I'm wanting to make a disk sander using an electric motor and plywood for the disk. Is there a problem is removing the adhesive backed sandpaper from plywood? Thanks.


----------



## Rob (Oct 31, 2006)

Might I offer a suggestion? I think plywood by itself is going to be tough to get adhesive backed paper off of. I also think the plywood might be too soft of a surface for a sanding backer. You might want to add some formica on both sides of the disc. I think that would give you a better backing.
Just a thought...


----------



## crmays (Jan 27, 2010)

Rob: Thanks for your recommendations? Can there be a problem cutting formica on a bandsaw?


----------



## JohnK007 (Nov 14, 2009)

Why couldn't you just apply several sprayed on layers of polyurethane to the plywood disk, then after letting it completely dry, apply your sanding disk to that? If the disk doesn't just peel off when it's time to change it, then use your wife's hair drier to warm the adhesive. This is how I remove the paper pattern from my scroll saw work.

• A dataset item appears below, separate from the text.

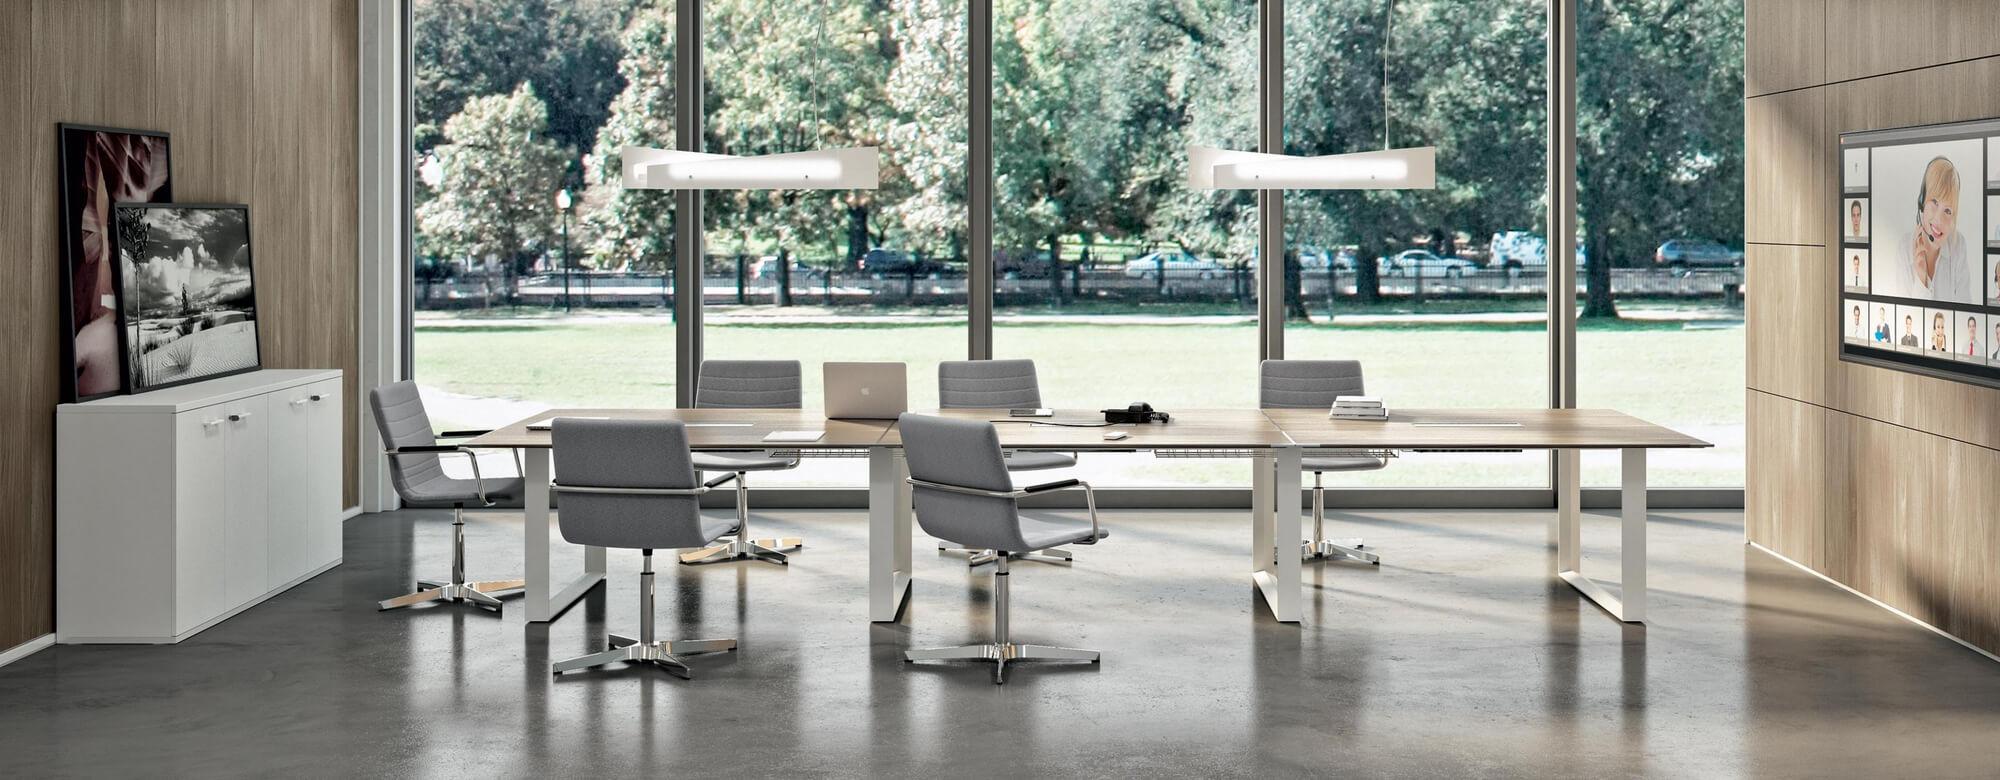 salas de reunión para oficinas

Wouldn't cost much to give it a try.


----------



## sweensdv (Mar 3, 2008)

A hand held hair drier is considered a tool in my shop.  I use one for many different jobs in the shop and removing the sanding disc from the belt/disc sander is one of them. Heat the sanding disc up with the drier and it just peels off when it needs replacing.


----------



## crmays (Jan 27, 2010)

Thanks JohnK007 and sweensdv for your helpful suggestions. I'll give them a try


----------